Everything from the line that contains "Hervé Le Tellier, à" to the final line of the data, both ends included, must be set down exactly, apart from the pictures.

*** Dataset excerpt Section Begins ***

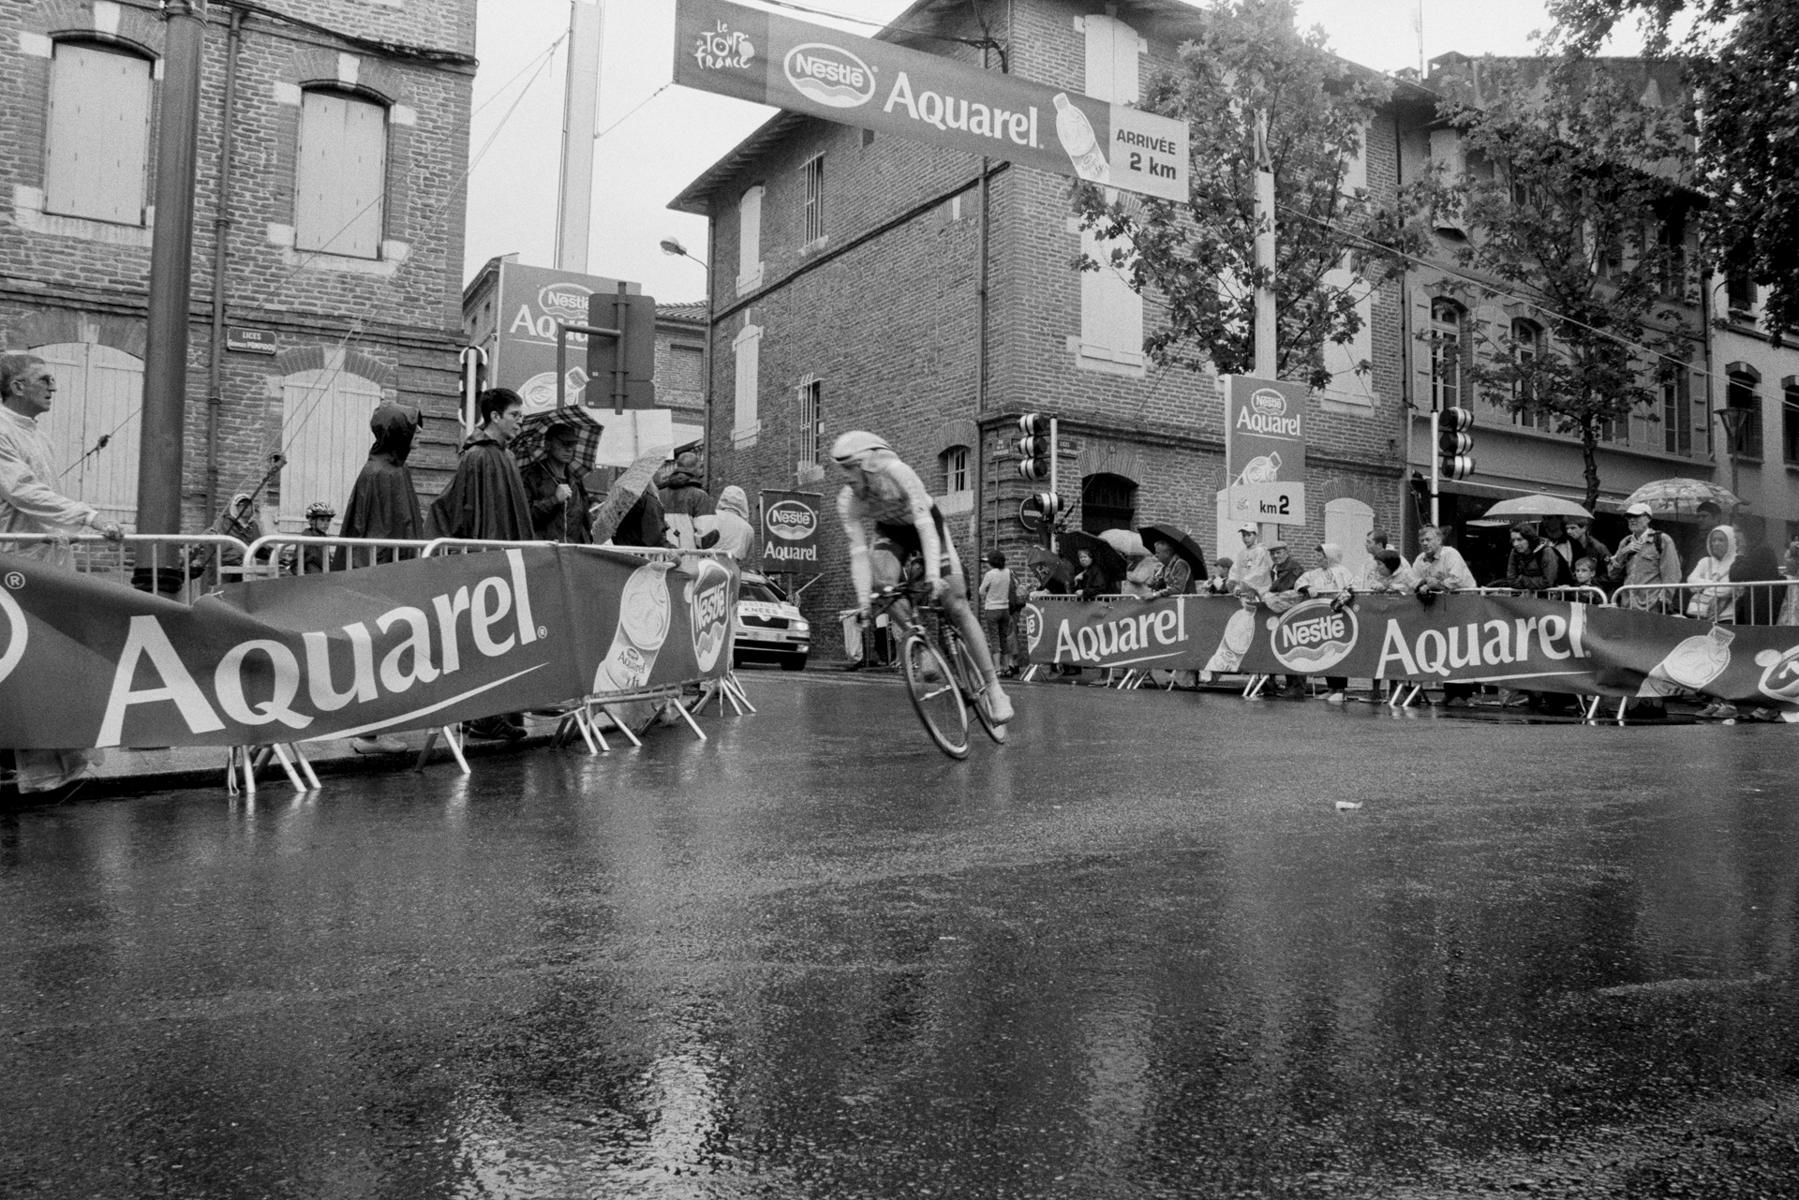 Le Tour de France 2007 When it rains the cyclists have to slow down before the curve - enabling the fans a closer look. Quand il pleut, les coureurs doivent ralentir avant d'aborder les virages, les spectateurs n'en ont que plus de temps pour apprécier leurs favoris. Bei Regen müssen die Fahrer vor der Kurve stark abbremsen – was dem Fan einen genaueren Blick ermöglicht. Cuando llueve los deportistas tienen que frenar antes de la curva, lo cual permite a los admiradores una mirada más cercana.
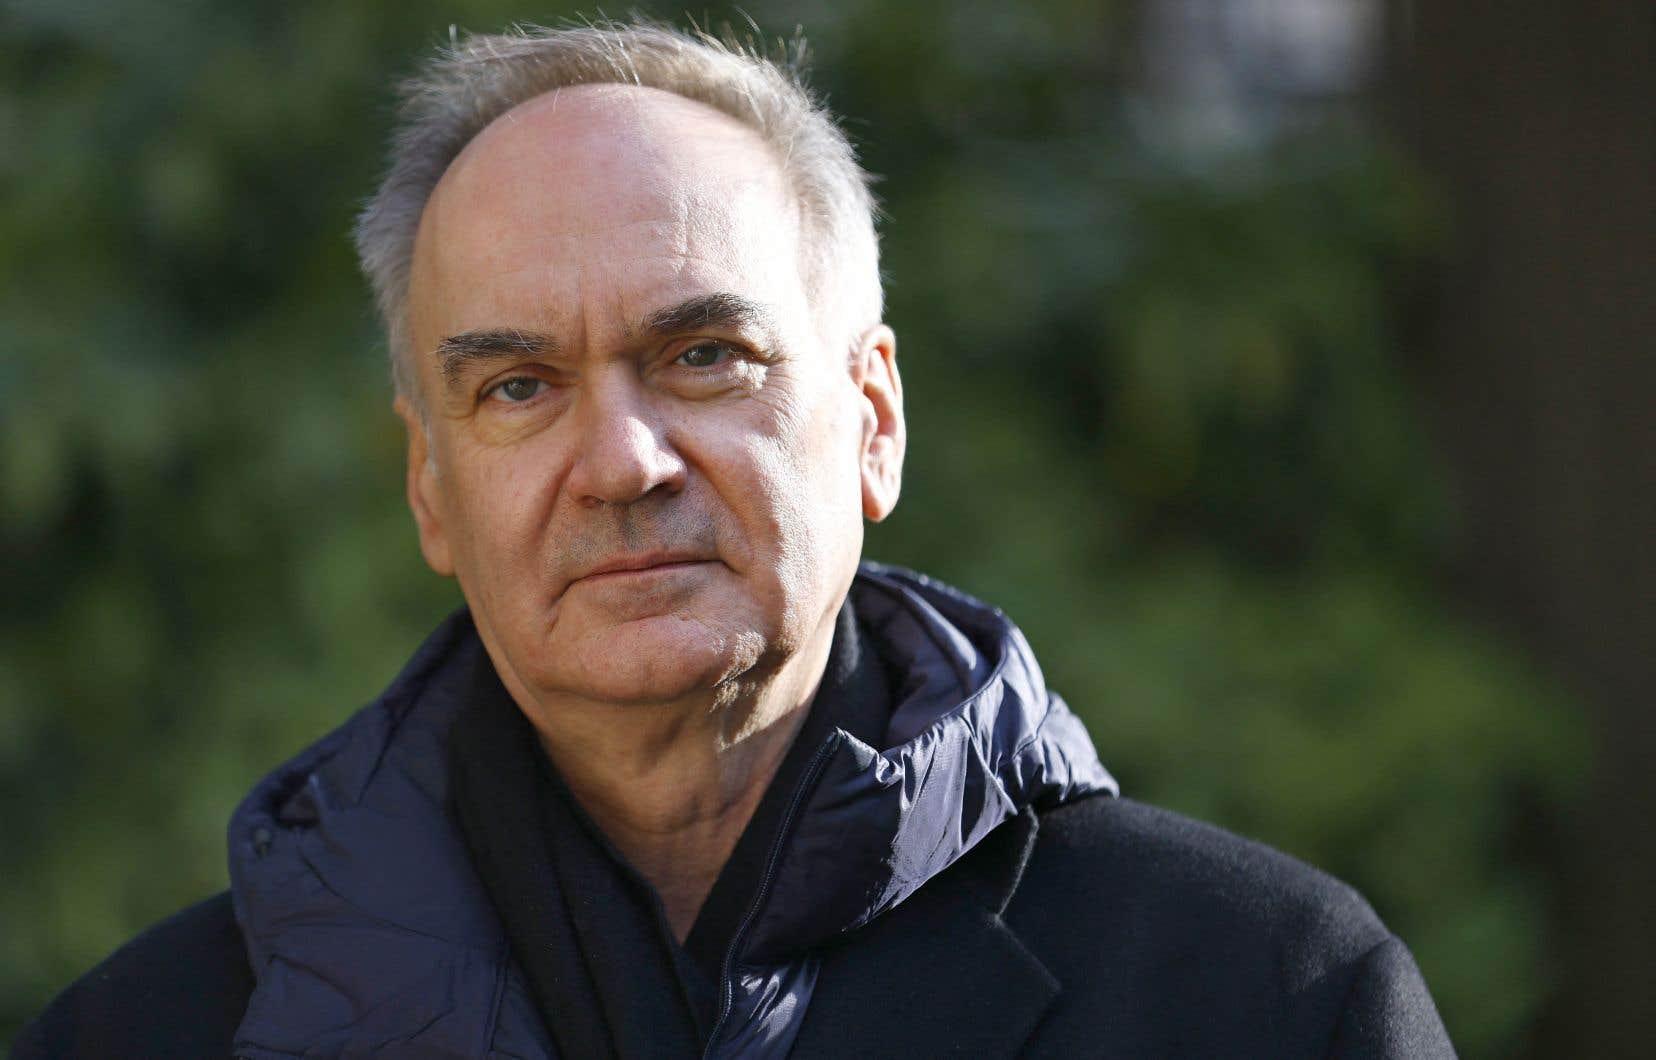 Hervé Le Tellier, à 63ans, avait plus de 20 titres derrière lui, tout en restant méconnu du grand public.
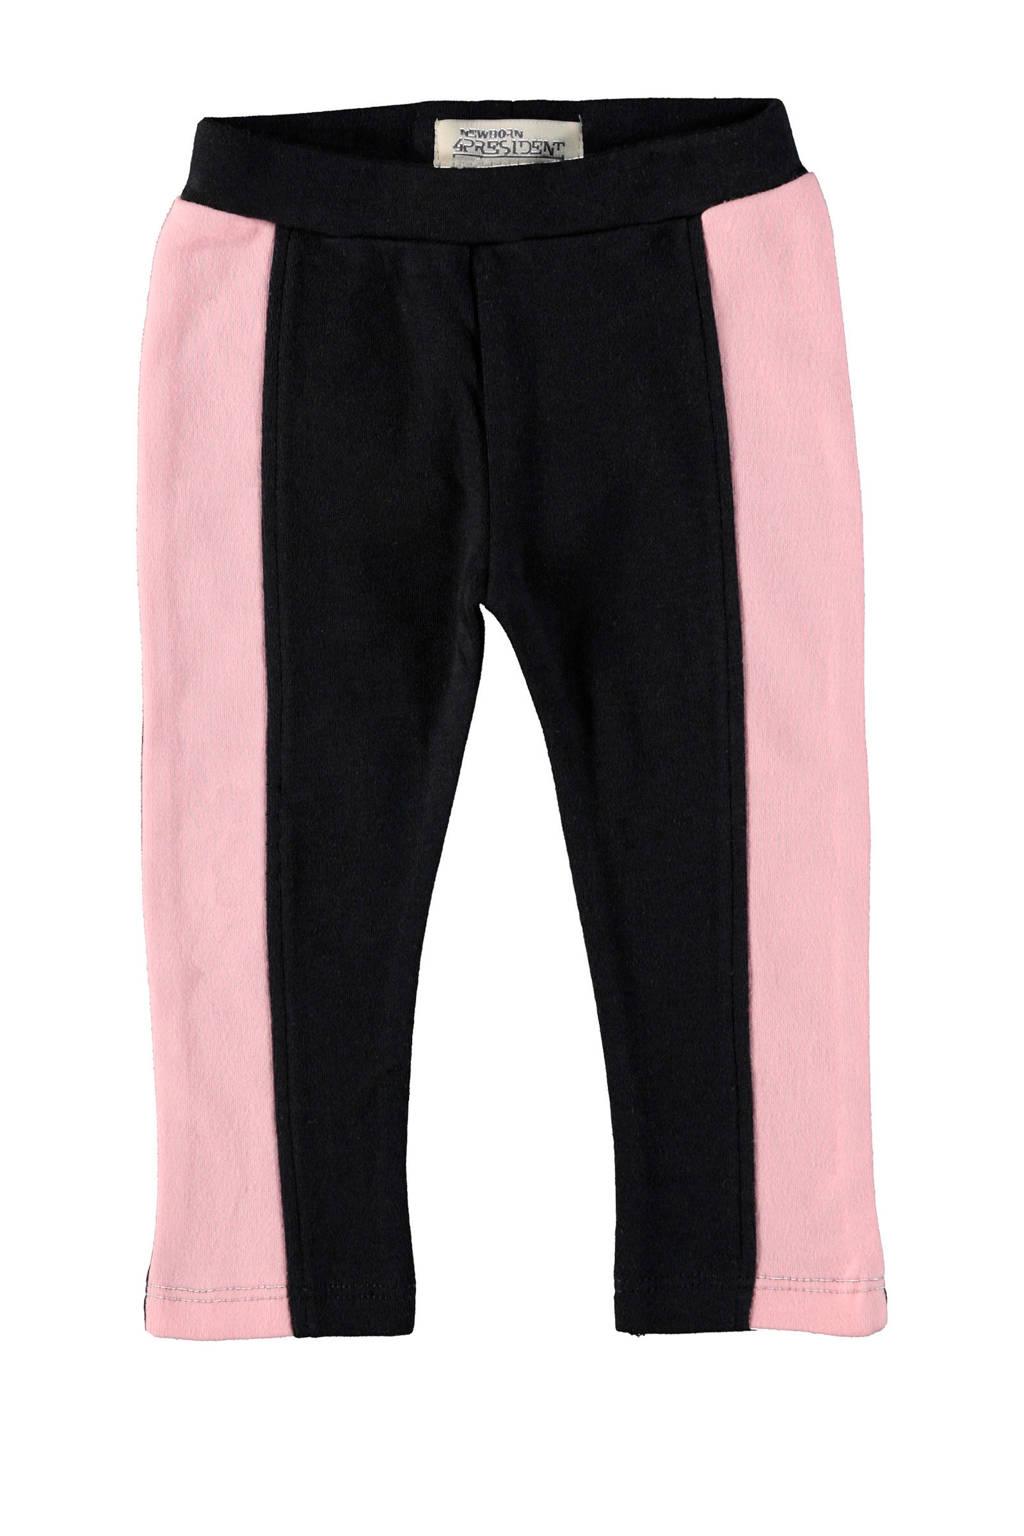 4PRESIDENT baby legging Josie met zijstreep zwart/roze, Zwart/roze

*** Dataset excerpt Section Ends ***

=== Written reply ===
 Hervé Le Tellier, à 63ans, avait plus de 20 titres derrière lui, tout en restant méconnu du grand public.
 4PRESIDENT baby legging Josie met zijstreep zwart/roze, Zwart/roze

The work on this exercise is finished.